Review

"Altered-self" or "near-self" in the positive selection of lymphocyte repertoires?
Donald R. Forsdyke
Immunology Letters (2005) 100, 103-106  
Received 23 March 2005; accepted 30 March 2005; Available online at publisher's website 29 April 2005
Copyright Elsevier

Contents

1. Ideas that soar

2. Progressive pathogen evolution countermanded by stiffened host defences 

3. Focus on T cells and MHC

4. Biological role sought

5. Small "holes" in repertoire allow hidden "self" to be reinterpreted as "not-self"
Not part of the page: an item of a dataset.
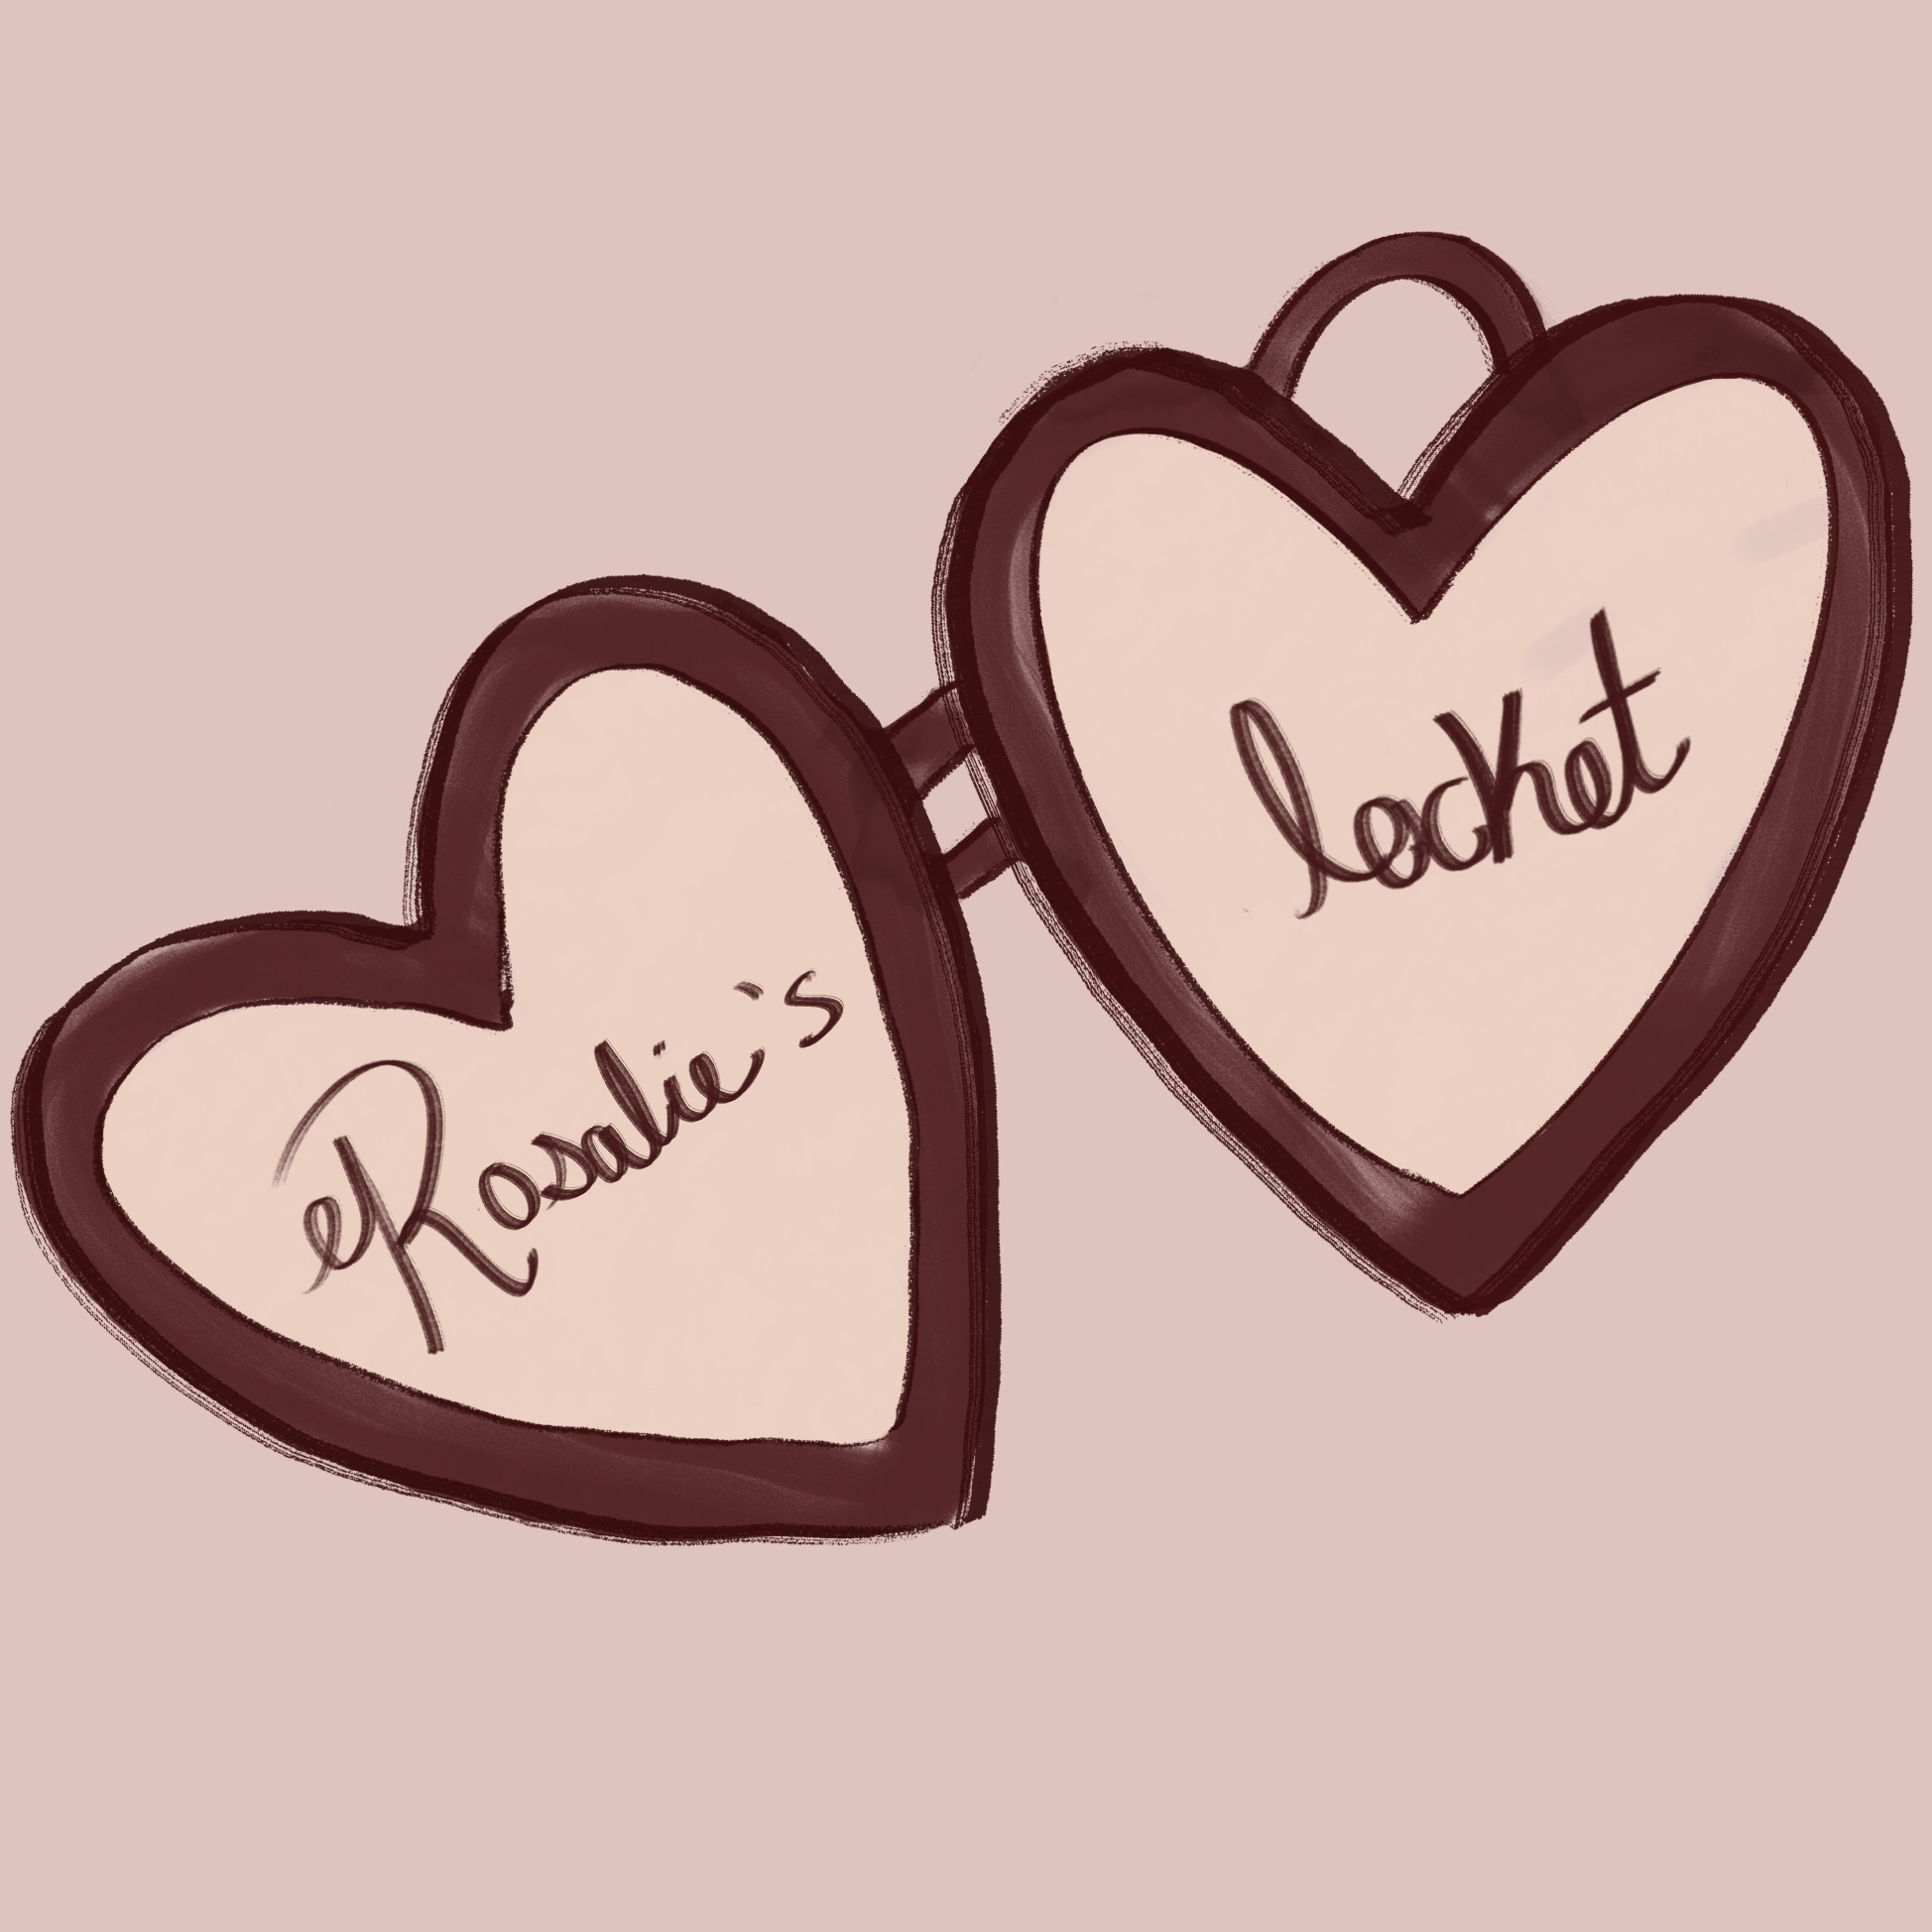 Rosalies-Locket

6. Homeostatic regulation of educated populations

7. Conclusion 

References 

End Note 2005

End_Note_2012

End_Note_May_2014

"Some ideas crawl, some run, some fly; and in this case words are the wings they fly with." Thus, Samuel Butler [1] reminded us that ideas usually first arrive, just as ideas. The words they subsequently fly with can aid in their comprehension. But different words compete for this role. The words Talmage assigned to the idea of clonal selection in immunity, lost to the "clonal selection" of Burnet [2]. The words Williams assigned to the idea of the selfish gene, lost to the "selfish gene" of Dawkins [3]. These latter assignments have endured. However, as ideas evolve, early winners may be seen as, not merely anachronistic, but actively misleading. If ideas are to soar, sometimes reassignation becomes imperative. I propose here that such a reassignation is long overdue in the case of some words associated with the idea of positive selection of lymphocyte repertoires. 

The generation of repertoires of immunologically competent cells involves both negative and positive selection of lymphocytes. The need for negative selection of cells with the potential to attack an organism's own tissues has been long appreciated [2, 4]. In its extreme form, negative selection destroys potentially self-reactive lymphocytes, often by apoptosis [5, 6], but possibly also by complement-dependent processes [2, 7-10].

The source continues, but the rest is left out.